Otobong Nkanga's first monograph, Luster and Lucre, charts an intensely productive period from 2013 to 2016, which includes exhibitions at the 8th Berlin Biennale; Portikus, Frankfurt am Main; KADIST, Paris; and M HKA, Antwerp. Its title encapsulates the complex concerns that underpin these shows: “luster,” the illustrious shining of materials; and “lucre,” profits and gains.
With the mineral mica as her starting point, Nkanga's research took her to archives in Berlin, Strasbourg, and Windhoek, and led her along a colonial railroad in Namibia to the historic Tsumeb mine. This rich research became works that probe the ambivalence of that which shines: poems, intricate drawings, modular sculptures that form systems of display, and performances that are both gestural and dialogical.
With a foreword by Städelschule director Philippe Pirotte, Luster and Lucre also contains the essays “The Refusal of Shine” by curator Natasha Ginwala and “Blacklight” by scholar Denise Ferreira da Silva, as well as “Intricate Connections,” an interview between Otobong Nkanga, Clare Molloy, and Fabian Schöneich. The volume also contains three exhibition-pamphlet inserts.
Published following the artist's exhibitions at
the 8th Berlin Biennale in 2014, Portikus, Frankfurt am Main; KADIST, Paris; and M HKA, Antwerp, in 2015.

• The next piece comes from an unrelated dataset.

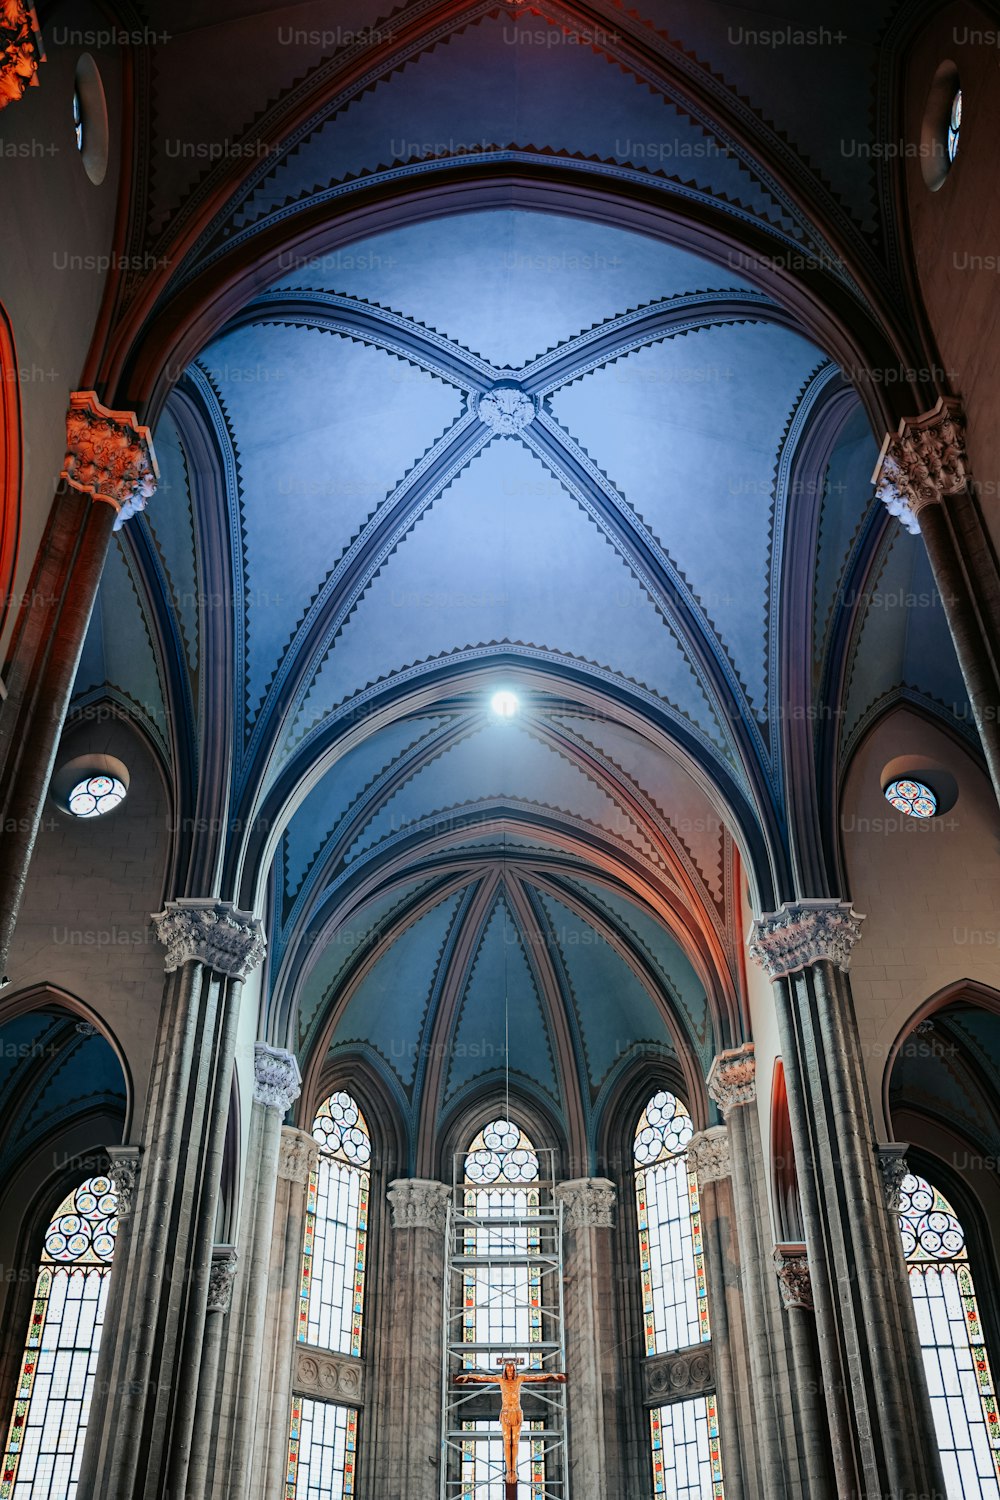 높은 아치형 천장과 스테인드 글라스 창문이있는 대형 성당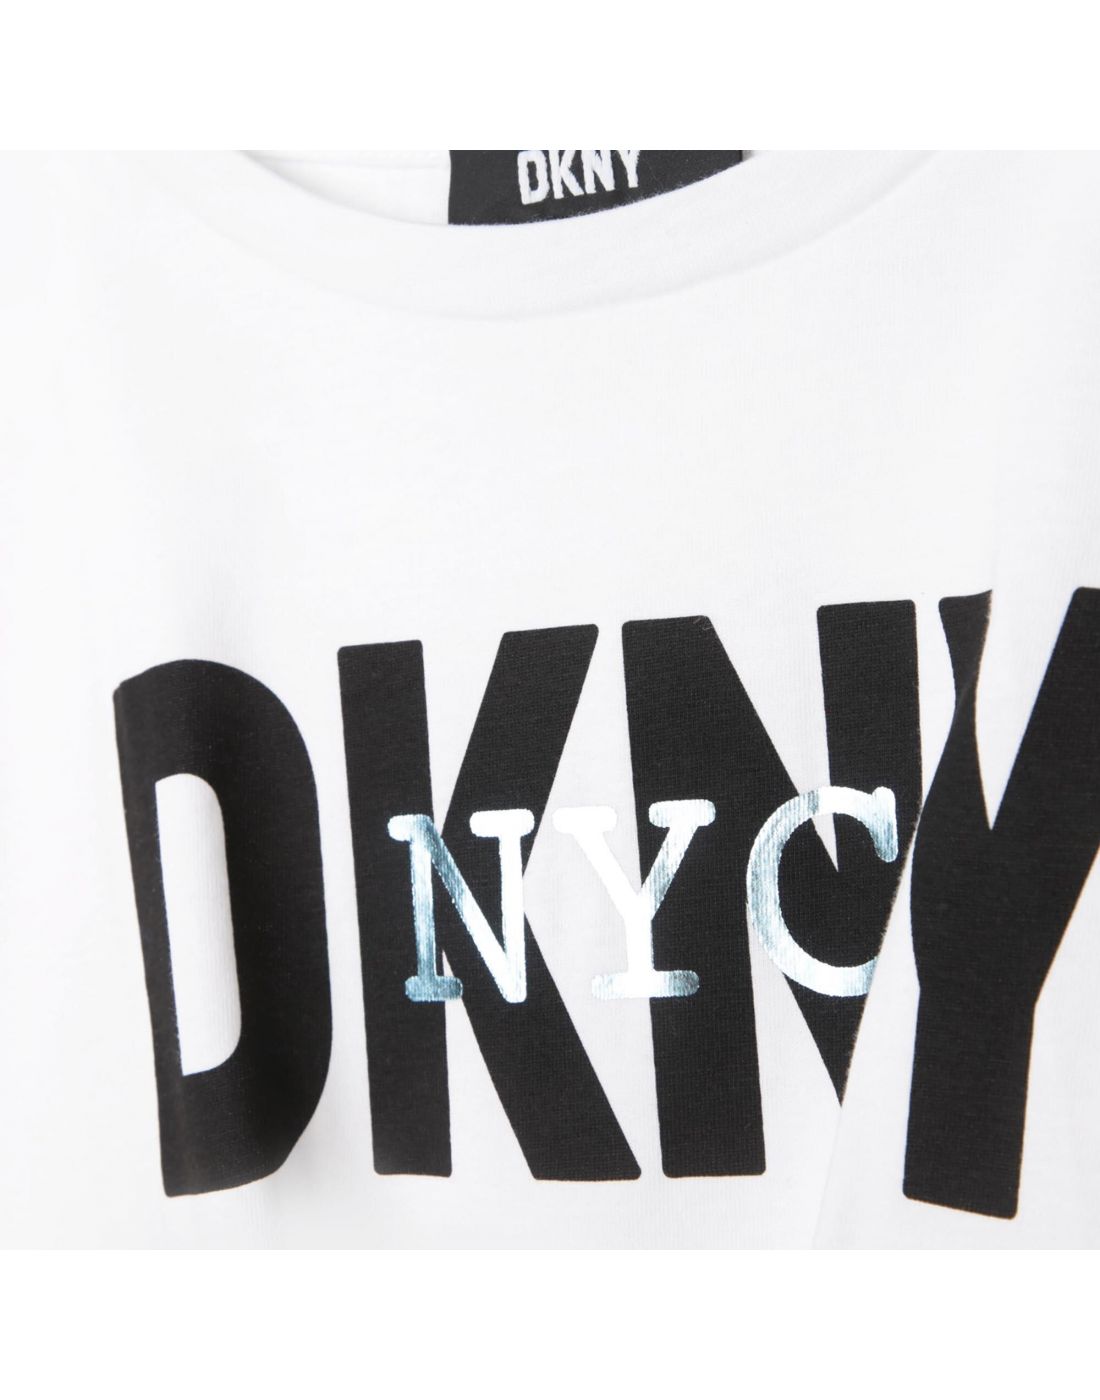 Παιδική Μπλούζα Με Print D.K.N.Y

A visual artist and performer, Nkanga (born 1974 in Kano, Nigeria, lives and works in Antwerp) began her art studies at the Obafemi Awolowo University in Ile-Ife, Nigeria and continued at the École Superieure des Beaux-Arts in Paris, France. She was at the residency program at the Rijksakademie van beeldende kunsten, Amsterdam, The Netherlands. In 2008 she obtained her Masters in the Performing Arts at Dasarts, Amsterdam, The Netherlands. Otobong Nkanga's drawings, installations, photographs and sculptures variously examine ideas around land and the value connected to natural resources In the work of Otobong Nkanga, activities and performance permeate all kinds of media and motivate photography, drawing, painting, sculpture, installation and video, though all the different works are thematically connected through architecture and landscape. As a human trace that testifies of ways of living and environmental issues, architecture and landscape act as a sounding board for narration and the performative? According to the artist herself, she uses her body and voice in live performances or in videos to become the protagonist in her work. However, her presence serves mostly as a self-effacing catalyst, an invisible hand that sets the artistic process in motion. Nkanga negotiates the completion of the cycle of art between the aesthetic realm of display and a strategy of de-sublimation that repeatedly pushes the status of the artwork into contingency. In many of her works Nkanga reflects metonymically on the use and cultural value connected to natural resources, exploring how meaning and function are relative within cultures, and revealing different roles and histories for the same products, particularly within the context of the artist's autobiography and memories.